_WORK TO COMPLETE_
Repeat every line of the data exactly; no picture belongs in the copy.

_GIVEN MATERIAL_
************
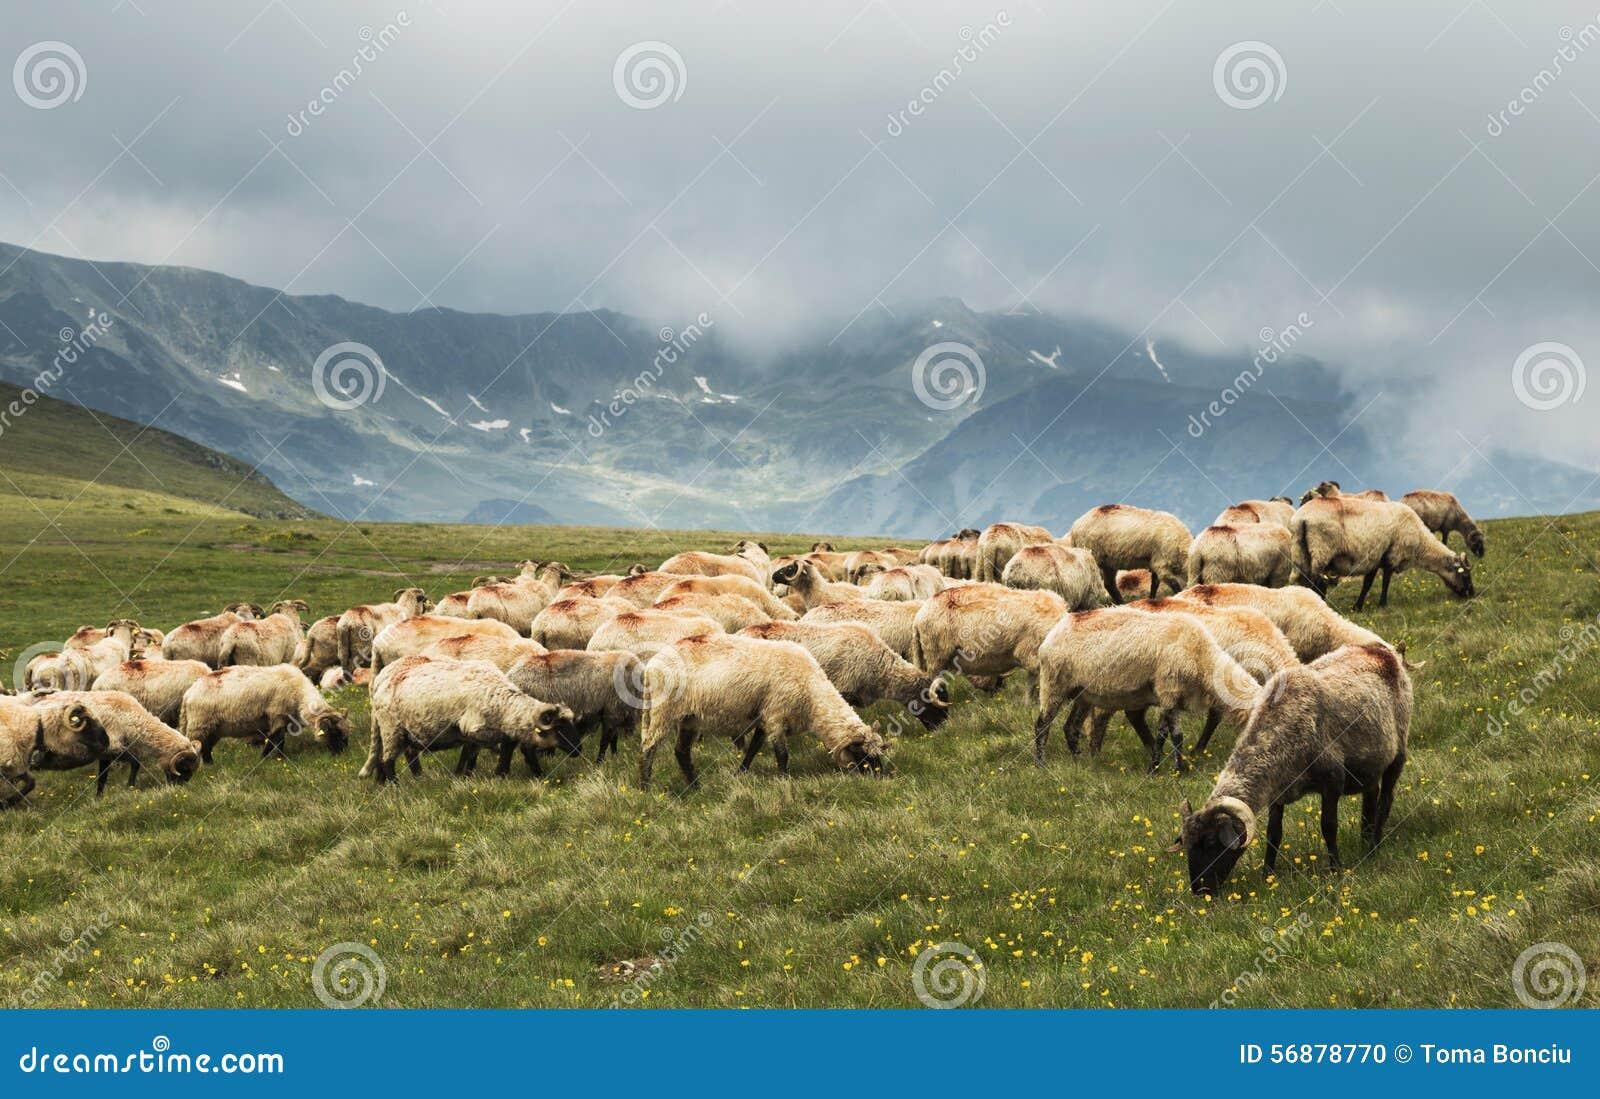 Pecore che scendono la montagna
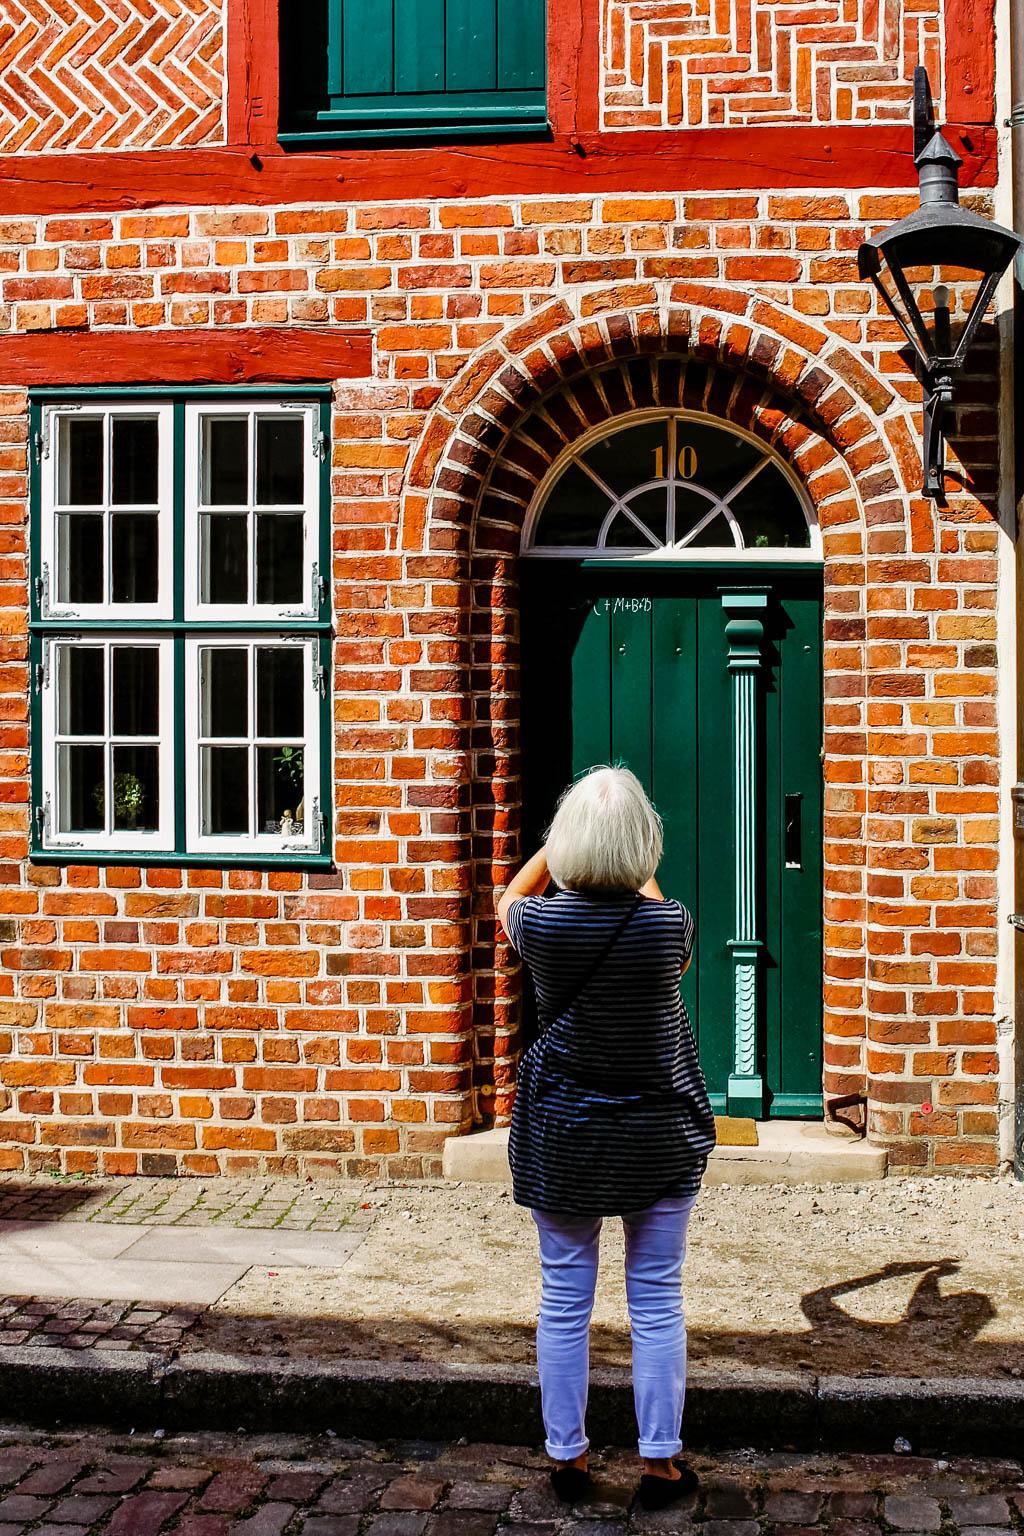 20 Dinge die man in Lüneburg machen sollte Sehenswürdigkeiten und ...
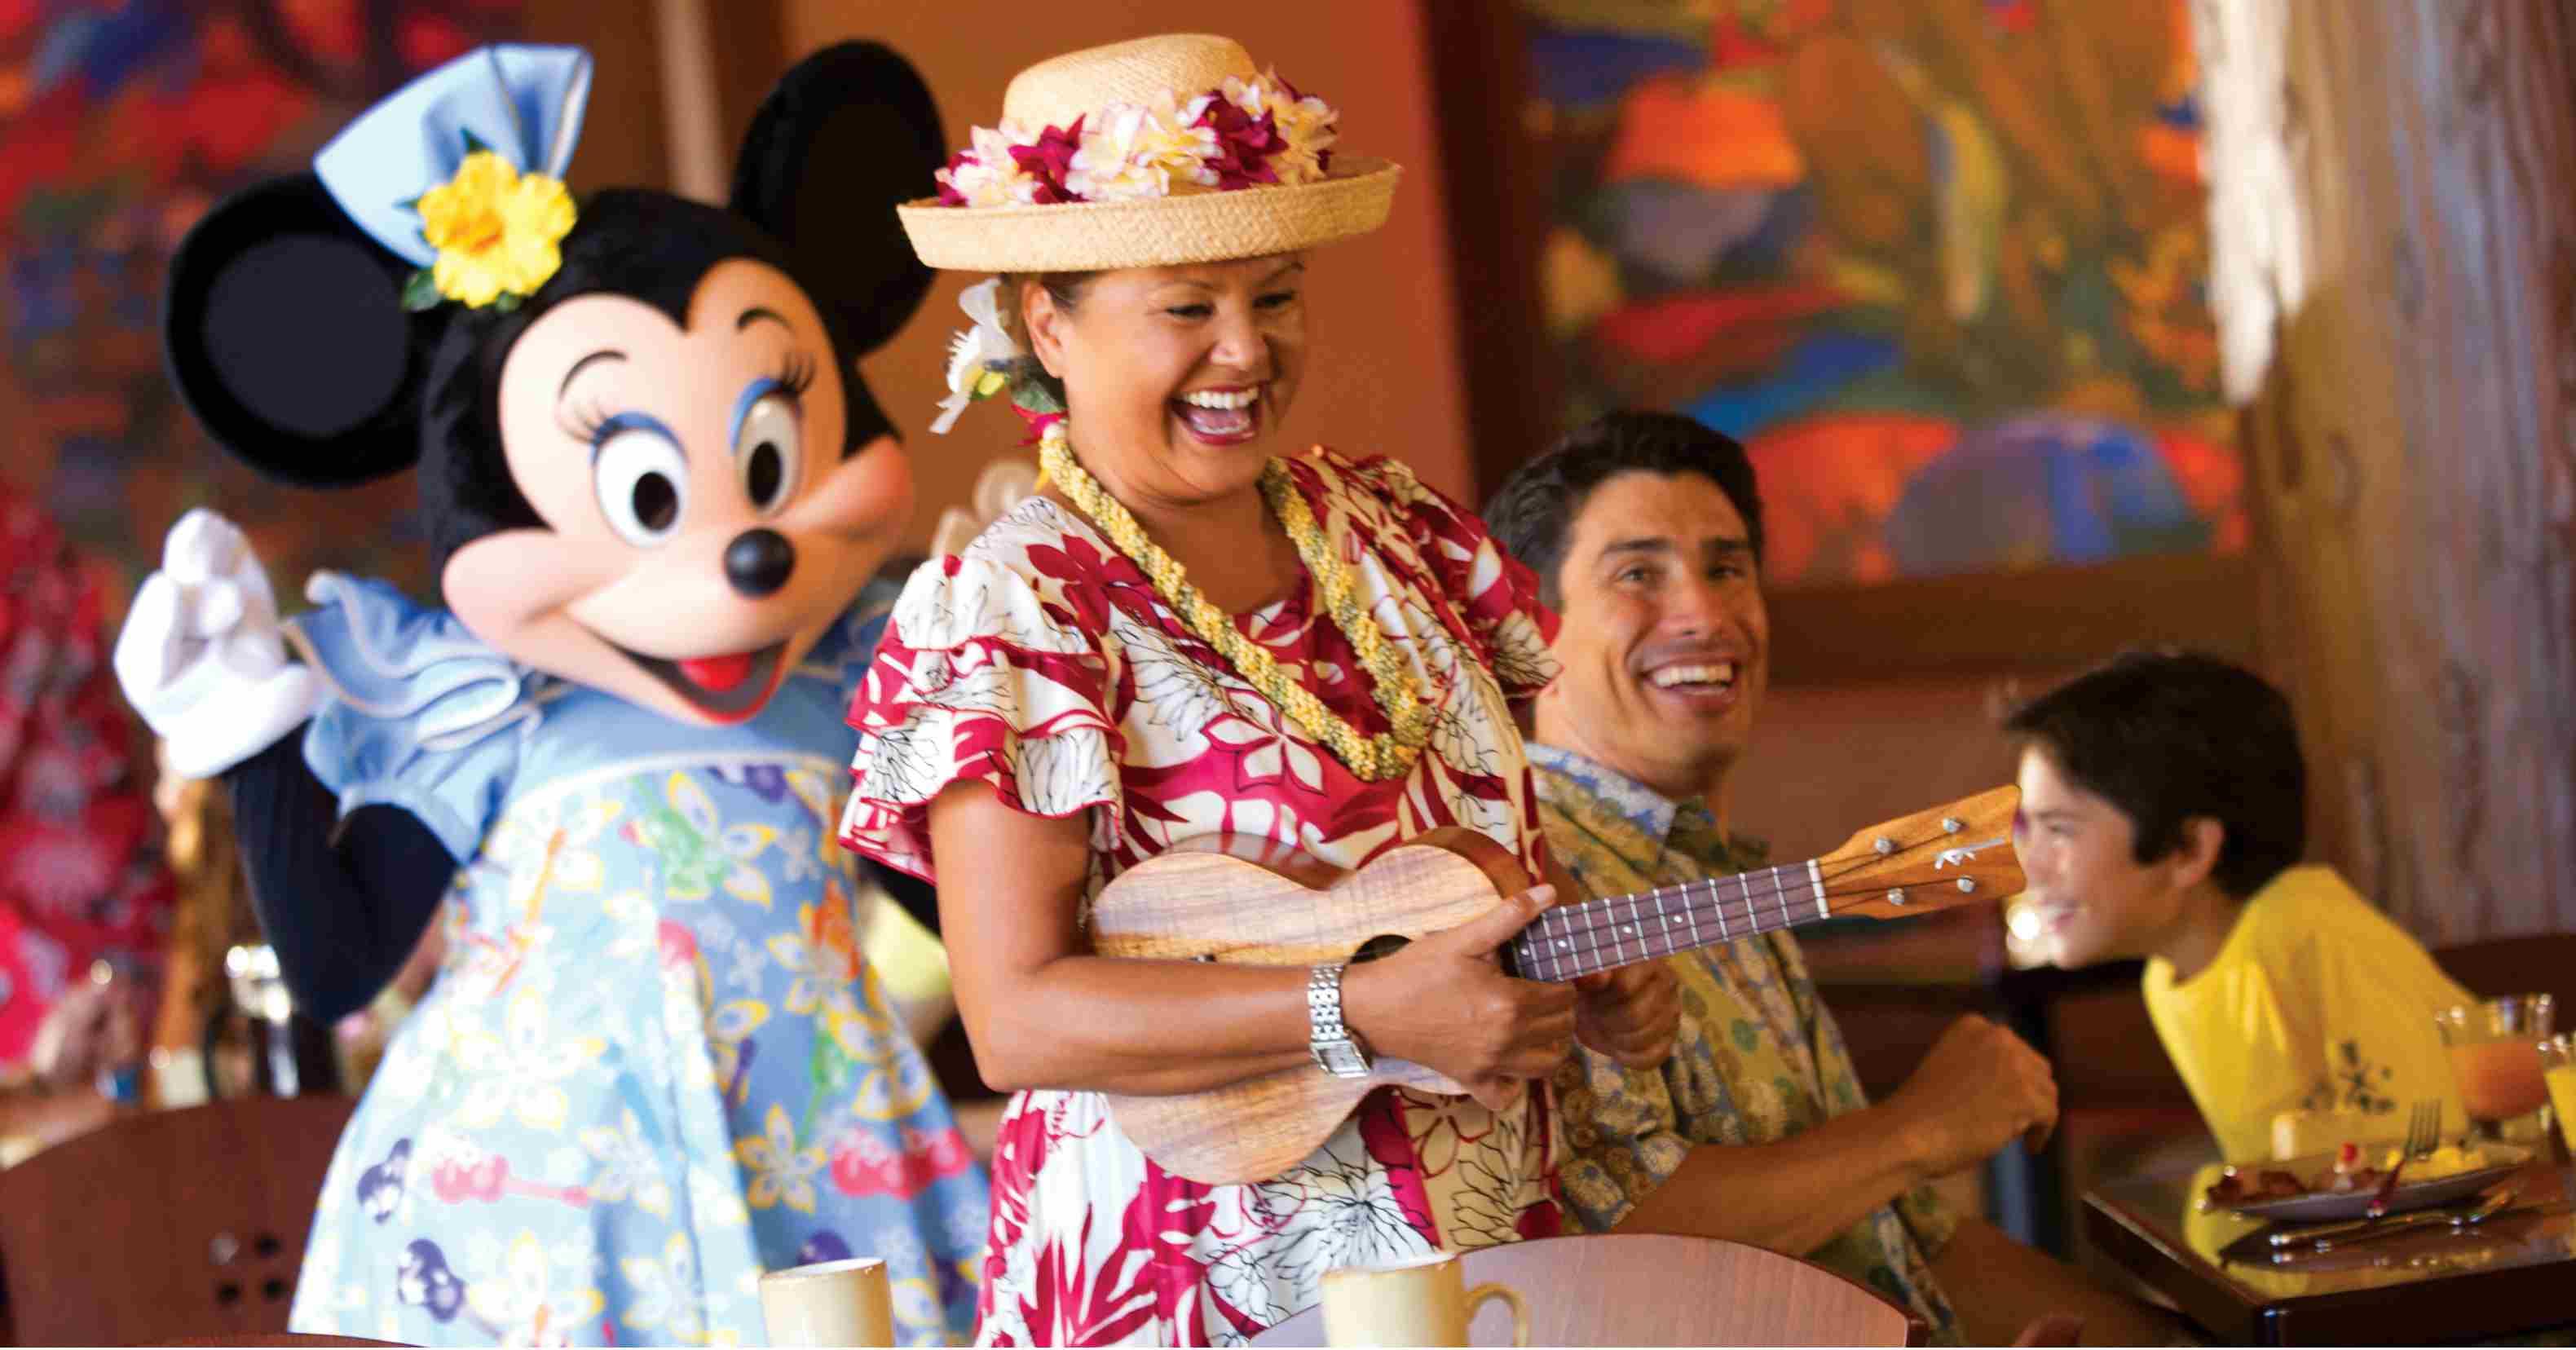 Aunty y Minnie Mouse entretienen a los invitados durante la celebración del desayuno de Aunty en el Makahiki
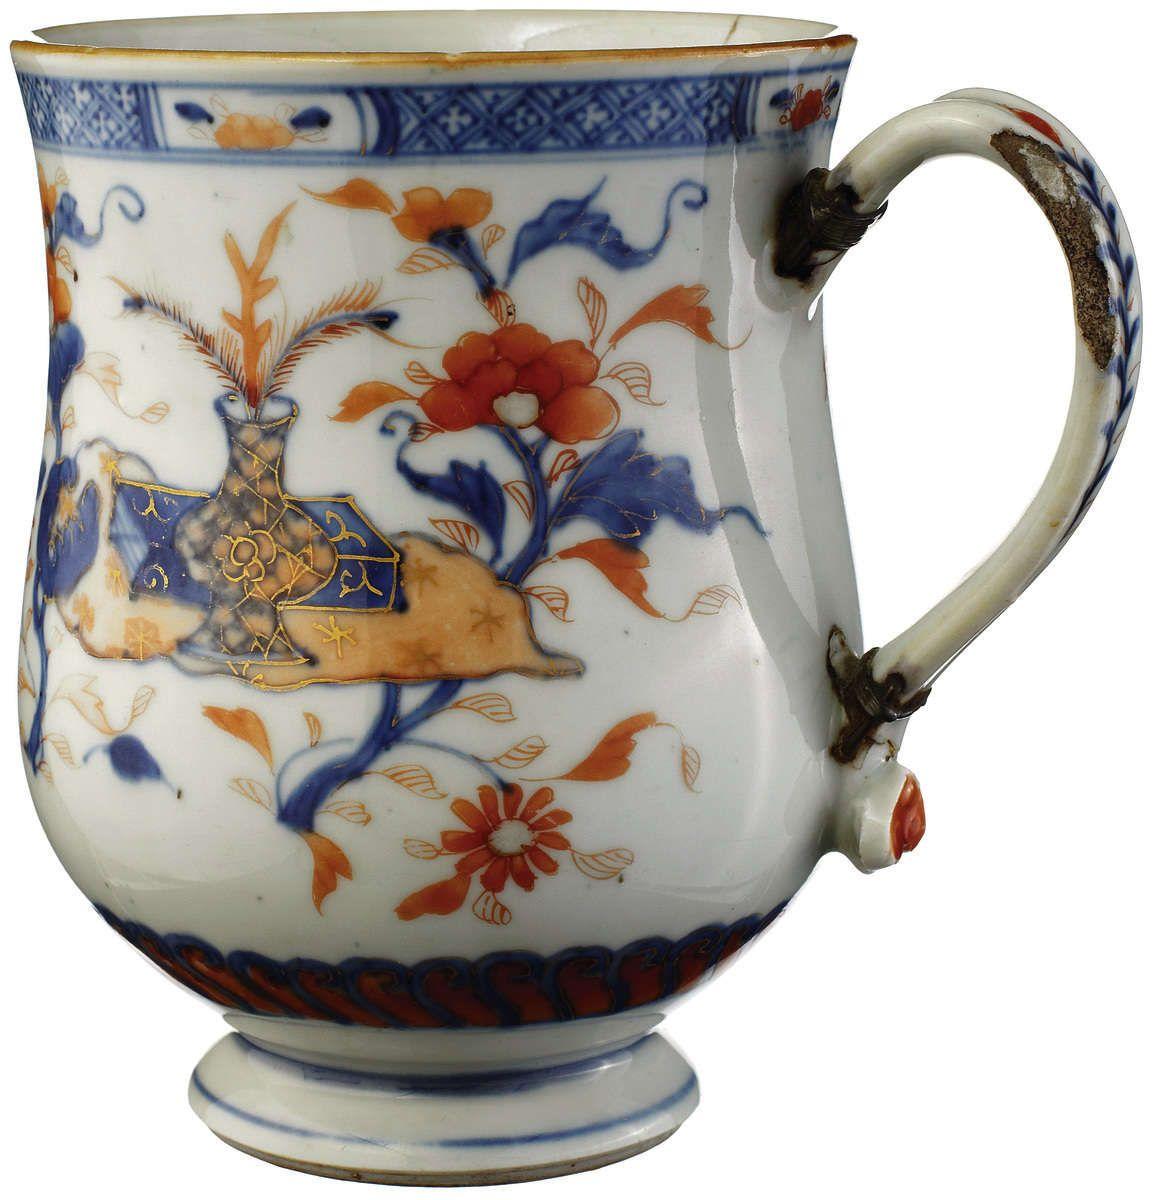 China Kangxi (1662-1722). Bemalt in der Imari-Palette mit Antiquitäten und Blumen. Henkel mit alter Reparatur, Haarriss. Höhe 16 cm
************
_EXERCISE ANSWER_
 Pecore che scendono la montagna
 20 Dinge die man in Lüneburg machen sollte Sehenswürdigkeiten und ...
 Aunty y Minnie Mouse entretienen a los invitados durante la celebración del desayuno de Aunty en el Makahiki
 China Kangxi (1662-1722). Bemalt in der Imari-Palette mit Antiquitäten und Blumen. Henkel mit alter Reparatur, Haarriss. Höhe 16 cm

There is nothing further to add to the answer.